Kızıldeniz

Berker Balciner
Kızıldeniz
Okuma Süresi: yaklaşık 2 dakika

Son günlerde çokça şahit olduğumuz haberlerden dolayı, başlığı okuduğunuzda perşembenin gelişi çarşambadan belli dediğinizi duyar gibiyim. Hepinizin gözünde izlediğiniz o korkunç saldırı görüntüleri, hele ki saldırılan gemilerden birinde yükü olanların o krizi yönetmek ve çözmekteki stresli, özverili belki de uykusuz günleri geliyordur akıllara. Oysaki çok isterdim; bu başlık altında Kızıldeniz dünyanın en tuzlu ve sığ denizleri arasında yer aldığı coğrafi bilgileri ile girizgâh yapıp, 1200’den fazla balık türü ile yaklaşık 250 mercan türüne ev sahipliği yaptığından bahsetmek. Ne güzel olurdu değil mi?

Fakat bugüne dönüp, o coğrafyada neler oluyor, bu olup biten her şey sektörümüzü, işimizi, aşımızı nasıl etkiliyor ve etkileyecek biraz sizlerle bu konuda sohbet etmek isterim.

1869 yılında yapımı tamamlanıp hizmete giren Süveyş Kanalı 2022 verilerine göre tam 23.583 gemi geçişi *(1) ile dünya ticaretinin %12’sini taşıyan işlek kanallardan birisi. Fakat İsrail – Filistin savaşı ile coğrafyada tırmanan gerilim sonrası Husiler kontrolündeki Yemen’den ticaret gemilerine füze ve insansız hava araçları ile saldırılar sonrası kanalın güvenli olmadığı anlaşıldı.

Bu sebeple başta biri armatör ve diğeri enerji devi olan Maersk ve BP’nin başı çektiği birçok gemi sahibi şirket, gemilerinin rotalarını uzun, maliyetli rotalara çevirdiler.

Hatta bazıları bu kriz sona erene kadar servisteki gemi sayılarını azalttıklarını açıkladılar. Gemi hatlarındaki bu gelişmeler sonrası OL USA CEO’su Alan Baer bir röportajında konuyla ilgili şu şekilde değerlendirmede bulundu.

Covid sırasında, salgının küresel tedarik zinciri üzerindeki etkisi nedeniyle navlun fiyatlarında daha yavaş bir artış yaşadık. Ancak bazı ticaret hatlarında navlun oranlarının yüzde 100 ile 300 arasında arttığını görüyorsunuz. Bu tamamen arz ve talepteki değişimlerden kaynaklanmış gibi görünmüyor. *(2)

Tedarik zincirinin son halkası tüketiciler tarafından bakıldığında ise durum daha karmaşık. Tam da yaklaşık 3 yıl süren Covid pandemisi kaynaklı küresel kriz ve konteyner fiyatlarındaki artış rayına girdi. Uzun vadede tüketim fiyatlarına da olumlu etkisi olur umudu ile bir nebze nefes almışlardı ki, yaşanan son gelişmeler en başa dönme korkusunu beraberinde getirdi.

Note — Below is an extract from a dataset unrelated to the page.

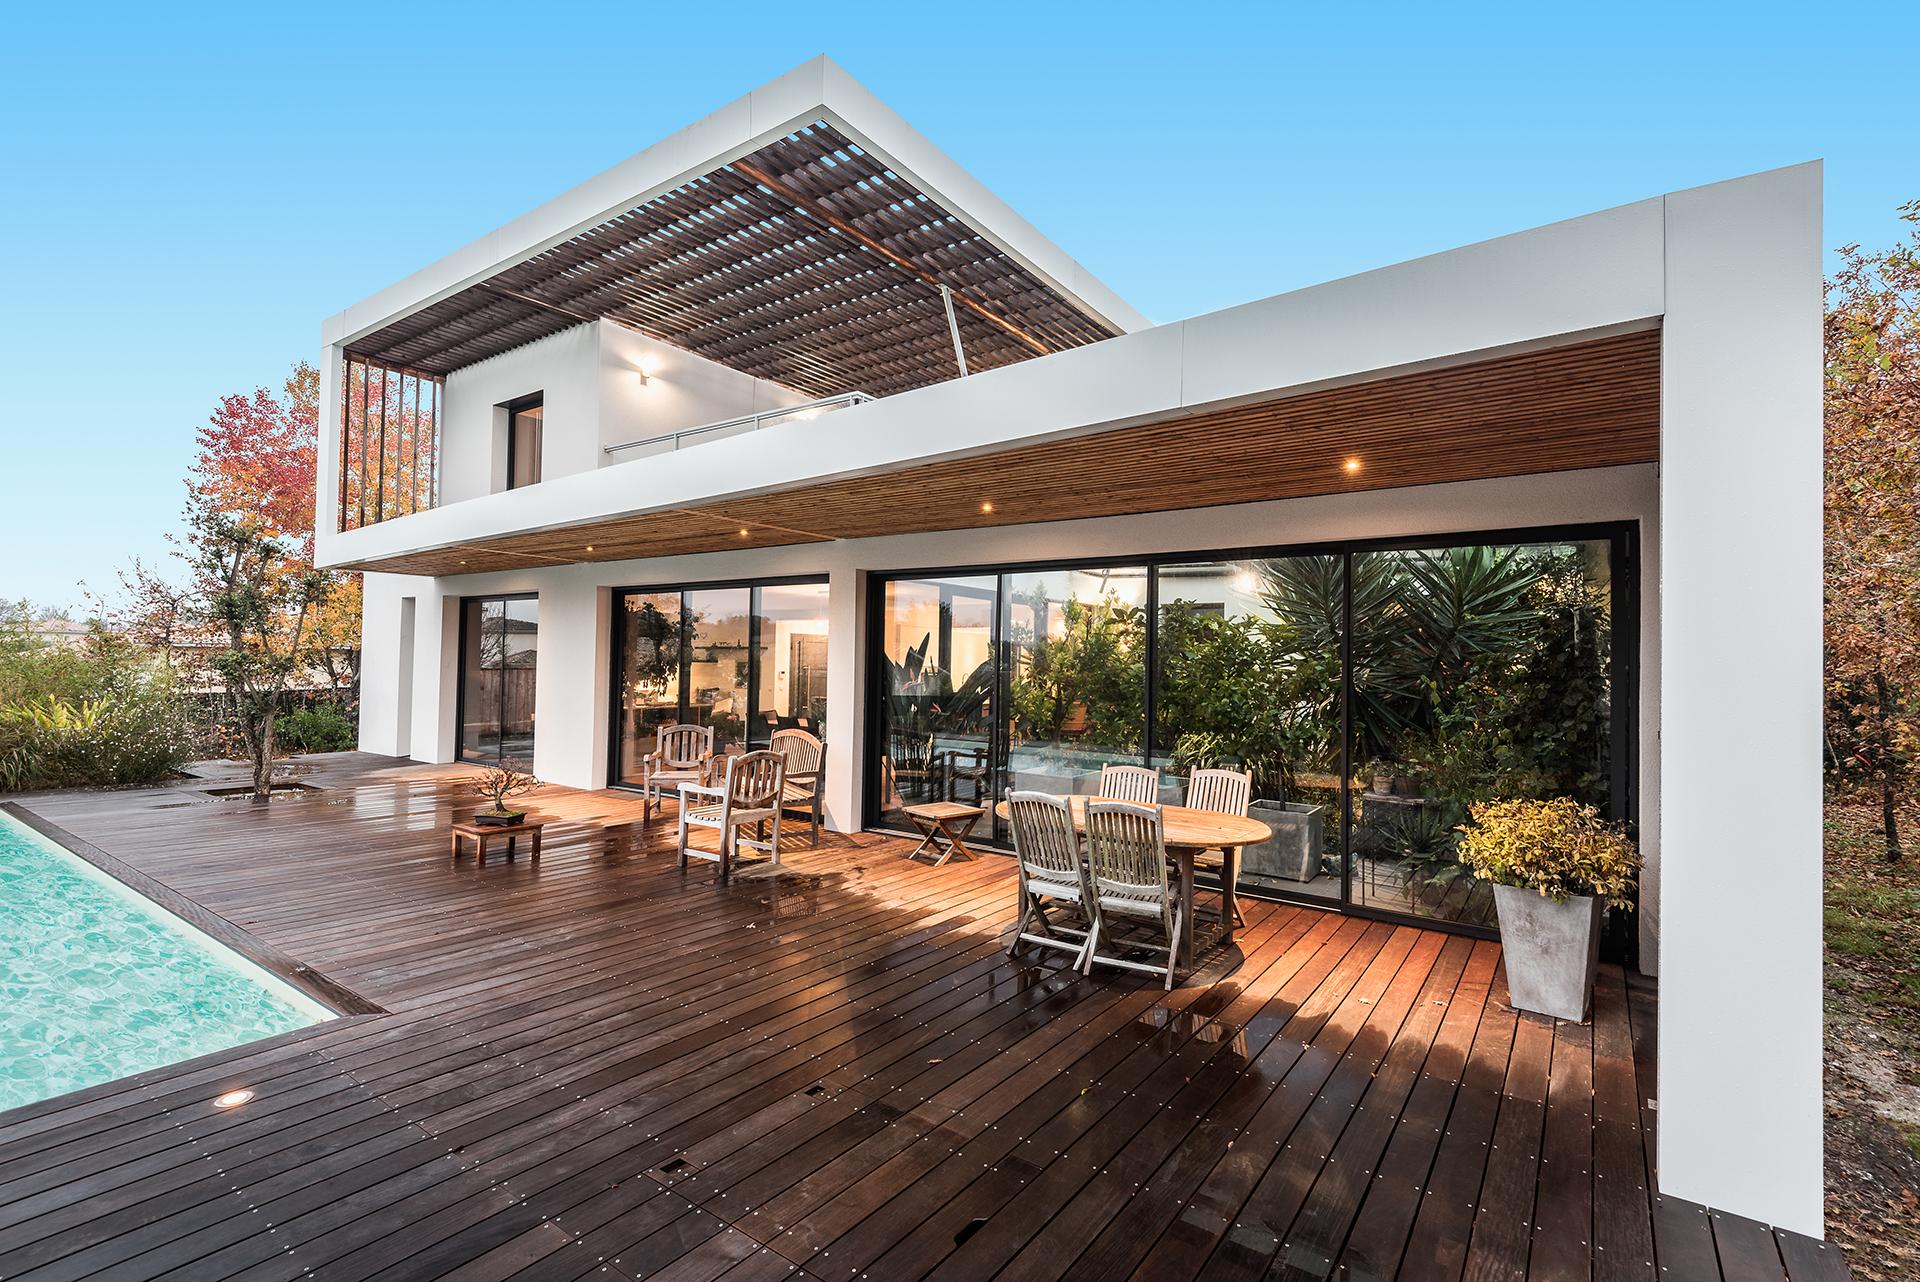 maison architecte ossature bois avec enduit. Black Bedroom Furniture Sets. Home Design Ideas

Devletler her ne kadar vatandaşlarını sakinleştirmek ve rahatlatmak adına mevcut krizin tedarik zincirinde yalnızca kısa vadeli aksaklıklara sebep olacağından bahsetseler de, ekonomi uzmanları maalesef ayni görüşte değil gibi görünüyorlar. Birçok uzmana göre tedarik zincirindeki bu gecikmelerin daha uzun vadeli olabileceği, navlunlardaki muhtemel artışlardan dolayı, ürünlerdeki fiyat artışının da yukarı yönlü seyrine devam edeceği görüşündeler.

Ne diyelim, umarım çok da uzun olmayan bir zamandan sonra her şey normale döner ve biz sadece Kızıldeniz’in mercanlarından konuşuruz.